The rally in European stock markets is probably halfway through and it is not likely to last past April into May, Robin Griffiths, technical strategist at Cazenove Capital told CNBC.
When analyzing the chart for the Xetra DAX index, he suggests the German index has another 20 percent higher to go, then will fall back again.
"It is only a bear market rally.
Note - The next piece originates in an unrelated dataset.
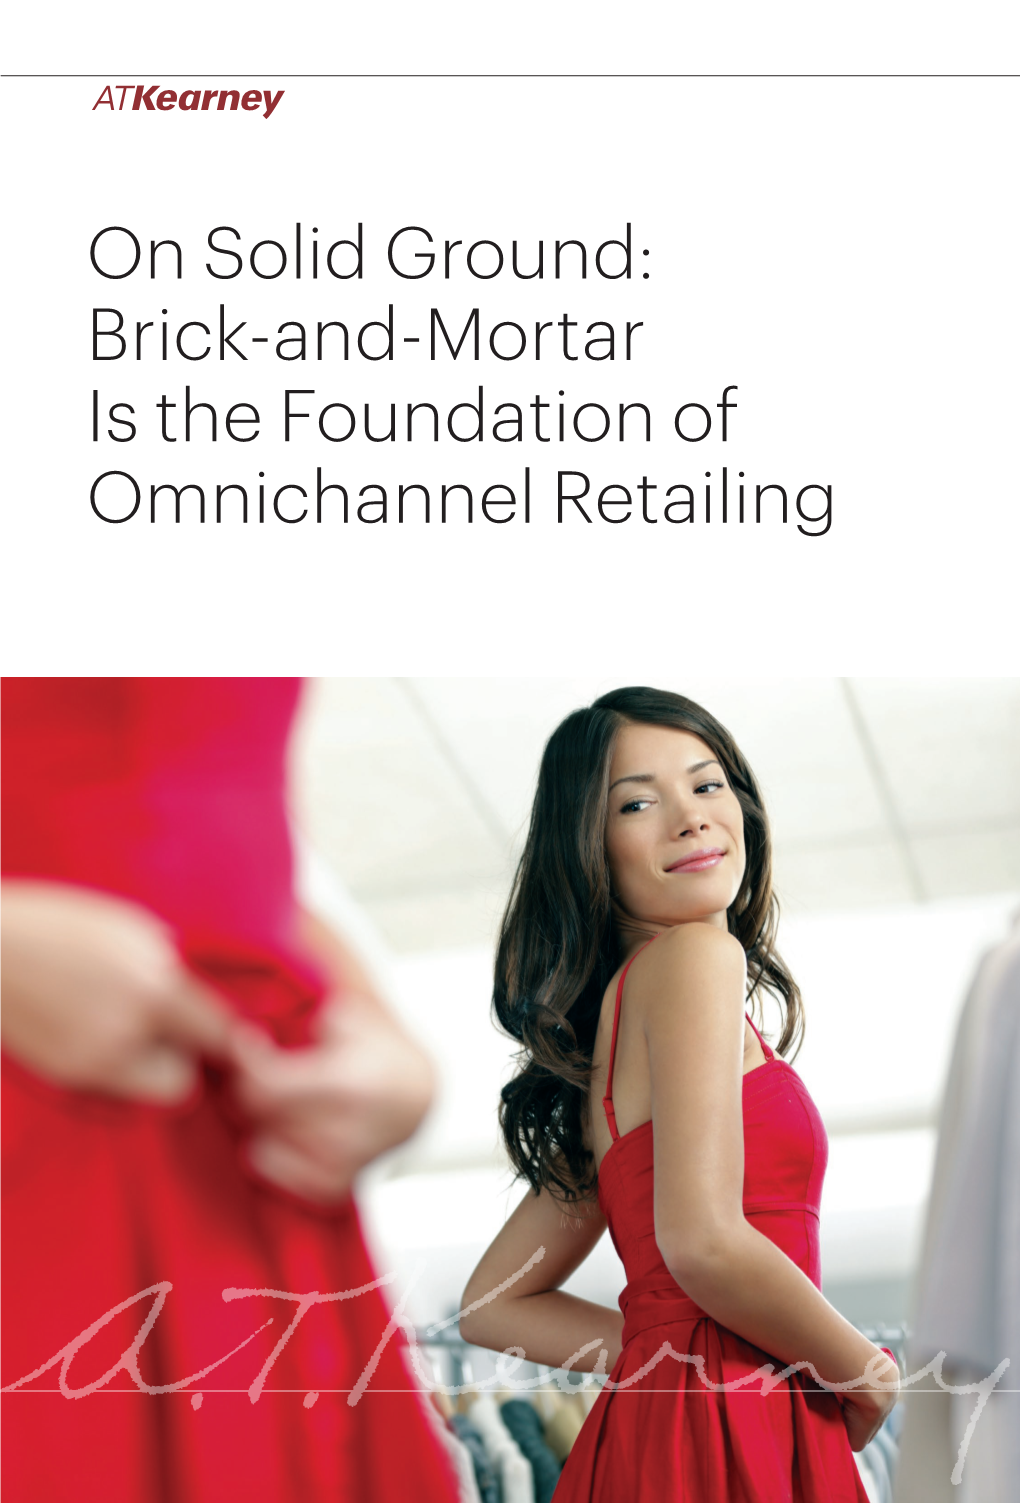 Atkearney, on Solid Ground: Brick-And-Mortar Is the Foundation of Omnichannel Retailing

None of the ingredients for the recent low to be the final low of the bear market were in place," Griffiths said.
Barclays shares hit a low below 60 pence at the end of January 2009, then hit another low below 60 pence at the beginning of March 2009.
The recent bear-market rally has taken the bank's stock to over 170 pence a share.
"It's the very fact that these are the sorts of franchises that were rallying, which aren't really the ones that are going to take the markets up into a new bull market," Griffiths said of Barclays.
Giffiths noted that UK housebuilders like Persimmon had similar rallies to Barclays.
He said it was "the bombed out, utterly depressed sectors that have had the rally", not the so-called quality defensives — utilities, pharmaceuticals.
"Their charts quite frankly look horrendous and indicate we're still in a bear market," he added.
Sterling rose above $1.4900 versus the dollar on Monday, its highest in two months.
"It did about a week ago briefly go under $1.40, which is really negative. Had it confirmed a break below $1.40, sterling would be in dire straits. It's now rallied back to just below the mean of the last 10 years, which is about $1.50-$1.52. So it's rallied back well into the range and it might equally probably go towards the top end of the range, near $1.60," Griffiths predicted.
"The important signal is not that it's going up, it's that it's stopped going down," he added.